The sign should read:

Please don't allow humans here! WE DON'T WANT THEM. They are unhygienic, spread lice, ticks, cockroaches, AIDS, tuberculosis, numerous influenzas, bacteria, fungi, viruses, microorgansms, crime, pollution, radioactivity, et cetera et cetera and more etc. 

It is an extremely rare human who is as gentle and cute as a pigeon. 

Humans are a bad example to pigeons as to how a species should behave.

Larry


----------



## arnieismybaby (Jul 24, 2006)

Larry_Cologne said:


> The sign should read:
> 
> Please don't allow humans here! WE DON'T WANT THEM. They are unhygienic, spread lice, ticks, cockroaches, AIDS, tuberculosis, numerous influenzas, bacteria, fungi, viruses, microorgansms, crime, pollution, radioactivity, et cetera et cetera and more etc.
> 
> ...


I couldn't agree with you more. The wording of your sign is far more appropriate!

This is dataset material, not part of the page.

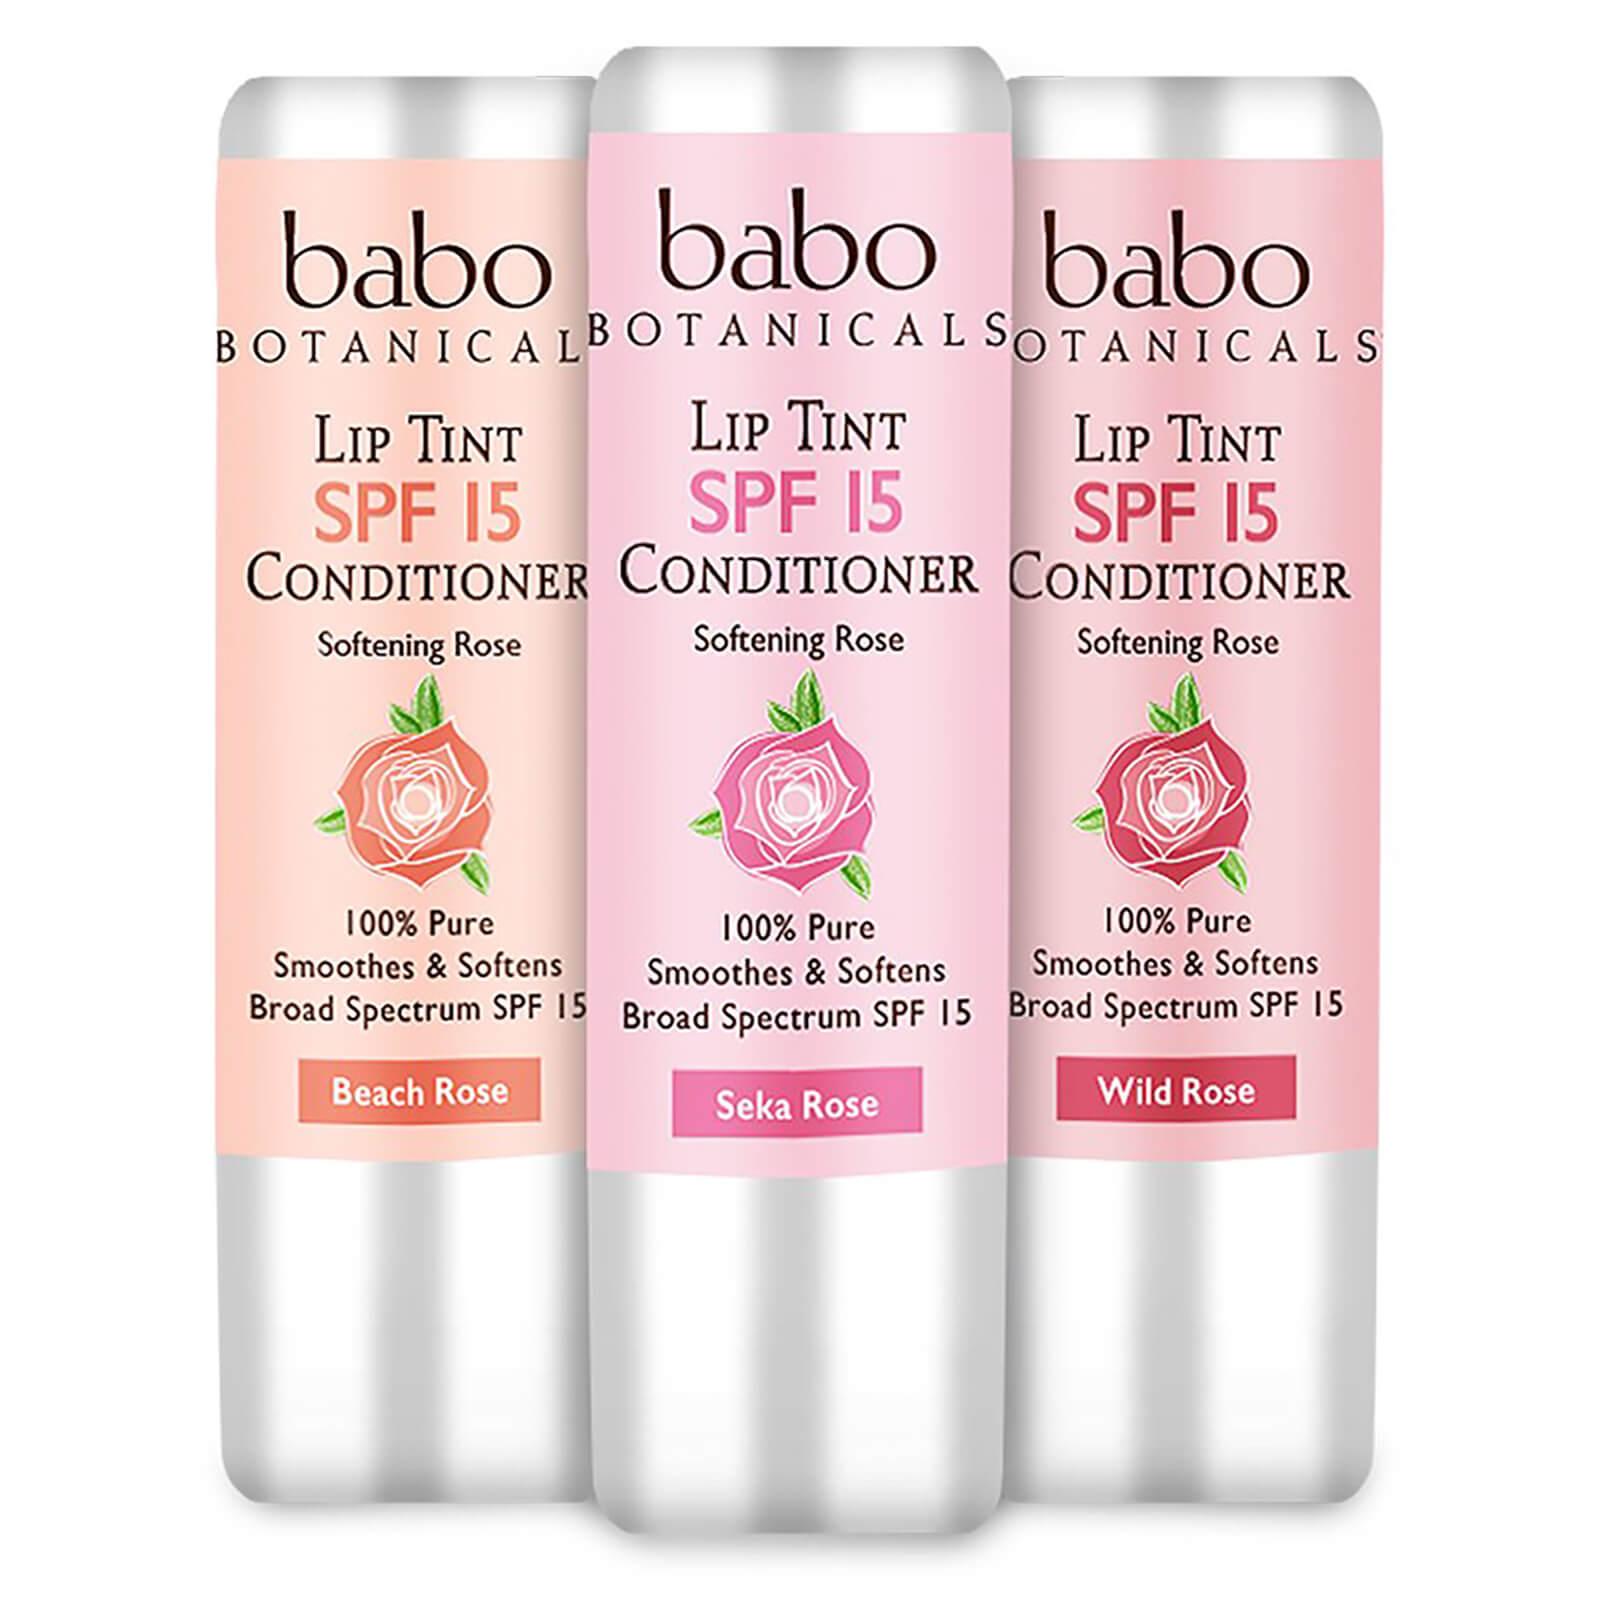 Babo Botanicals SPF15 SPRING LIP TINT TRIO GIFT SET (WORTH $29.85)

Anyway, I love the fact that someone came along and added that postscript to the notice, I'm sure the original author will not be happy  

Michelle


----------



## Guest (Nov 16, 2006)

umm yeah, I just posted it to show that pigeon lovers are everywhere ,cant keep a pigeon lover down  pigeons rule !!


----------



## cooingsosweetly (Apr 3, 2005)

*vandal*

sometimes vandals can be productive. the sign at the bathurst station that says dont feed the pigeons and other birds needs to be covered up or altered...if you know what i mean. if it wasnt illegal to tamper with TTC property, i would. (i sneek them seeds sometimes.cant resist. actually my older cock KU came from there, broken wing from streetcar running it over.

Pigeons rule!!! sweet cooers! cute pooers.


----------



## Flying_Pidgy (Apr 26, 2006)

HA! the person acts as if he has a massive army of people backing him\her up!

" 'WE' dont want them here"

WE??? whos we? Give me NAMES. il make sure their car gets pooped on.


----------



## Victor (Dec 18, 2004)

I am being treated for an bad eye infection from not being careful one day in a public facility and rubbing my eye. _Pigeons are a hygiene problem_? Oh, gimme a break!


----------



## stephie (May 17, 2006)

cooingsosweetly said:


> the sign at the bathurst station that says dont feed the pigeons and other birds needs to be covered up or altered...if you know what i mean. if it wasnt illegal to tamper with TTC property, i would.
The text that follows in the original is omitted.